* What is needed
Taking the line that contains "Diamonds: 34 round" as the first, copy each line exactly up to and including the last line below.
[Opening Exercise material section]
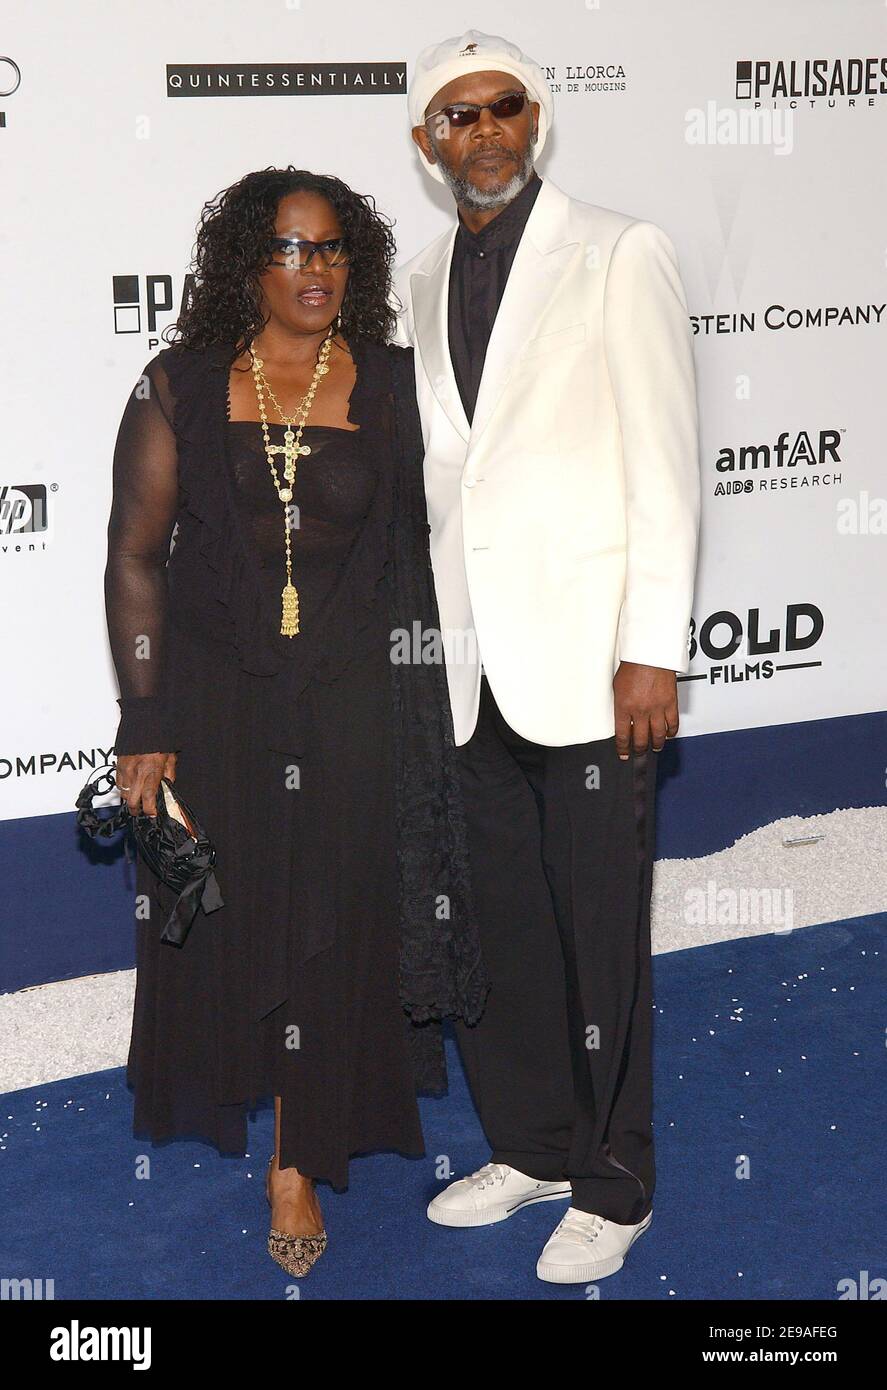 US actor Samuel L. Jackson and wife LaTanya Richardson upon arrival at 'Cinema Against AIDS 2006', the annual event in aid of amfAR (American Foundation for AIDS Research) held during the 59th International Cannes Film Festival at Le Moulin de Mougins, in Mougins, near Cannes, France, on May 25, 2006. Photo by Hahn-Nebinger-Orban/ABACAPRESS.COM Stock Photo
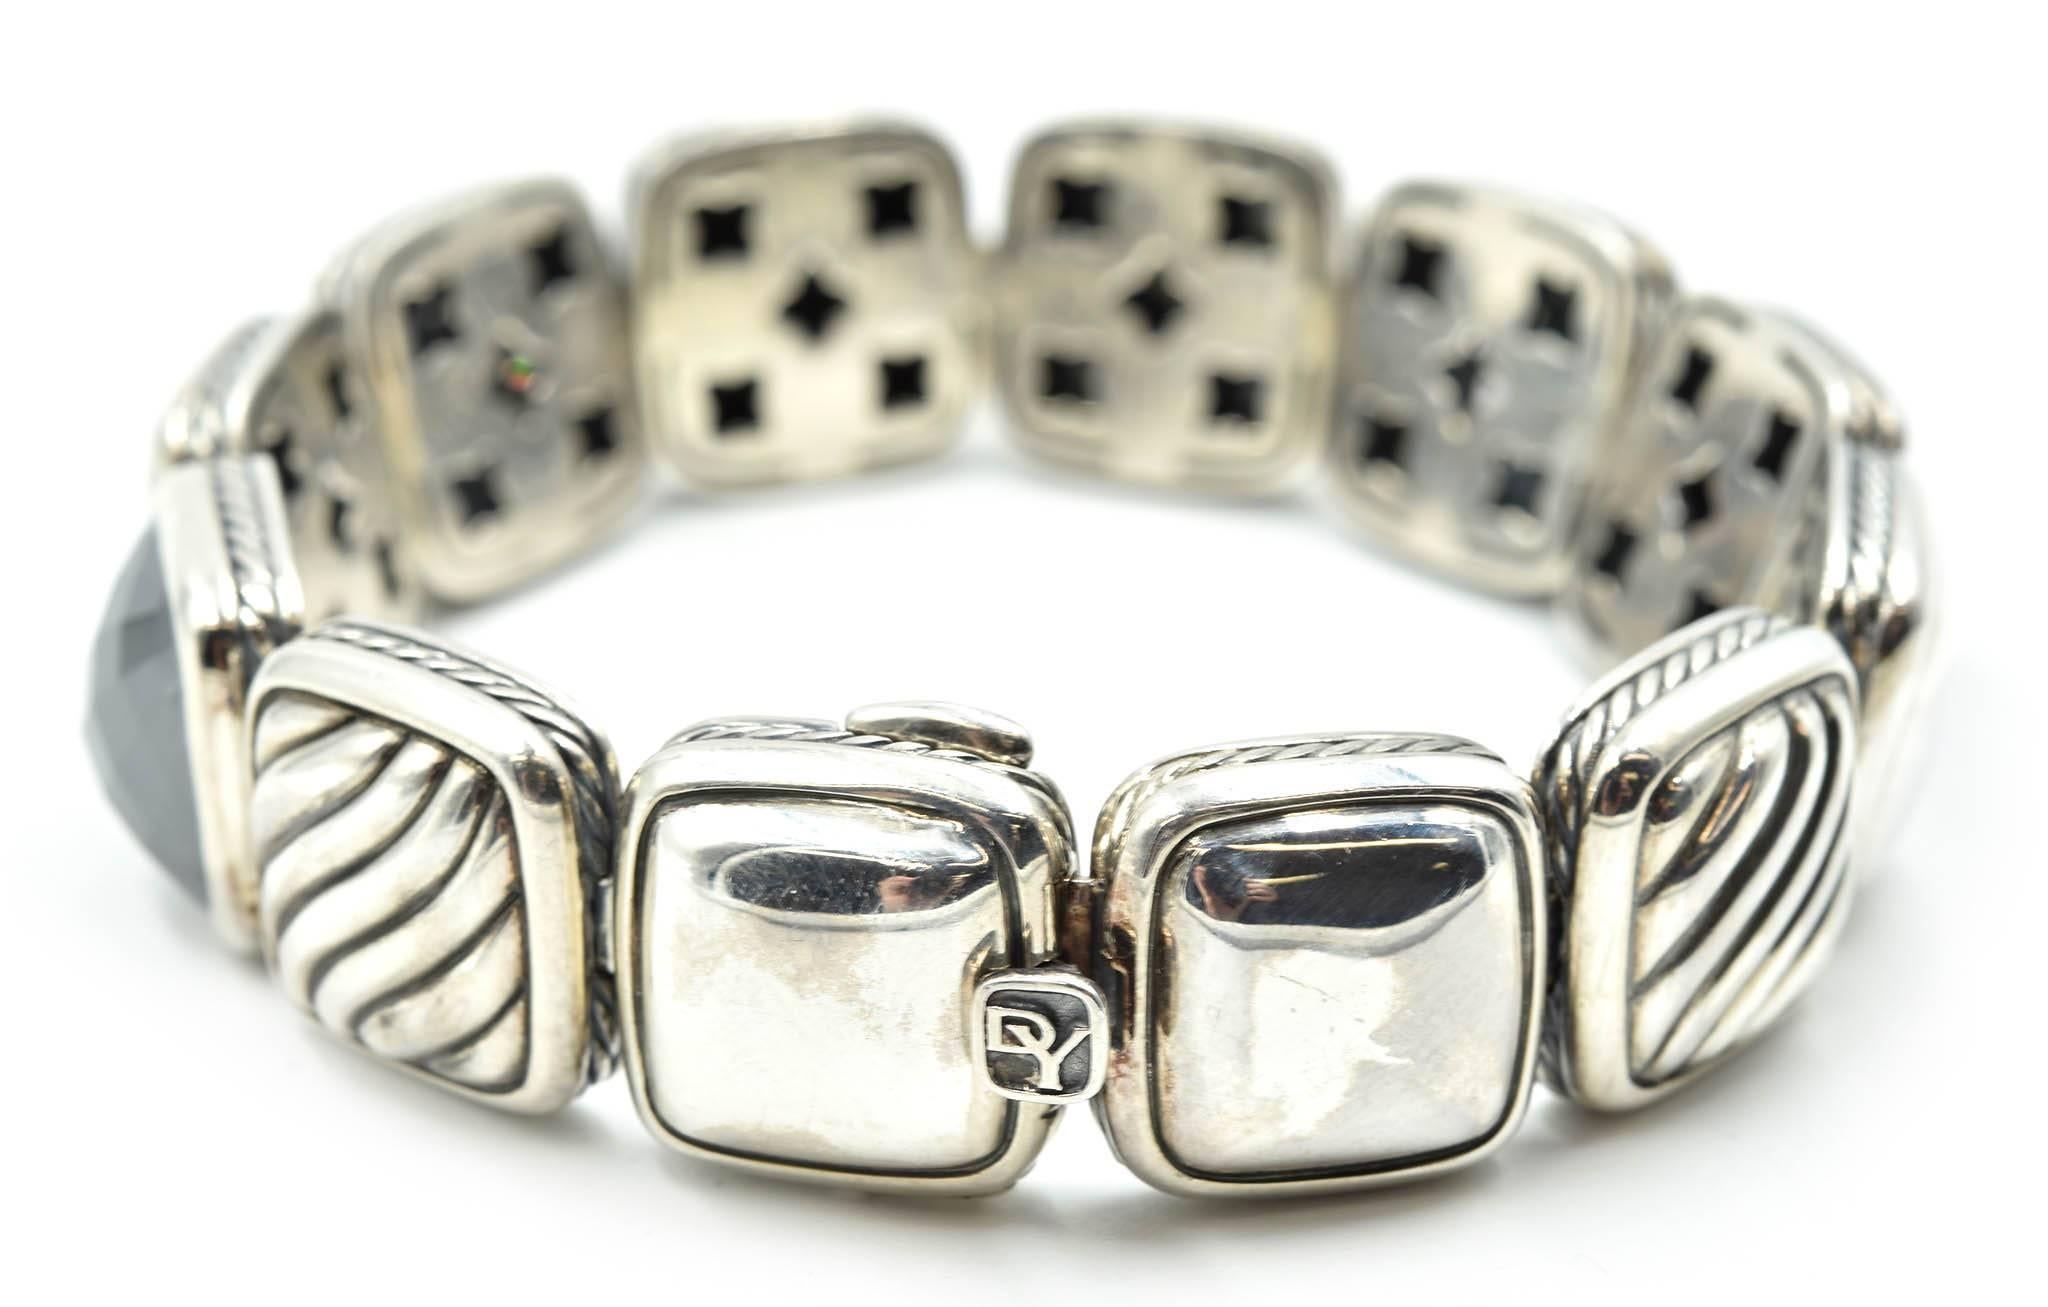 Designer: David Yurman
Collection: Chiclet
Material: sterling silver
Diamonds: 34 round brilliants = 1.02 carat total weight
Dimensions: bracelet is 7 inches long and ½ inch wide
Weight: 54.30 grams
[Closing Exercise material section]
* Result of the exercise
Diamonds: 34 round brilliants = 1.02 carat total weight
Dimensions: bracelet is 7 inches long and ½ inch wide
Weight: 54.30 grams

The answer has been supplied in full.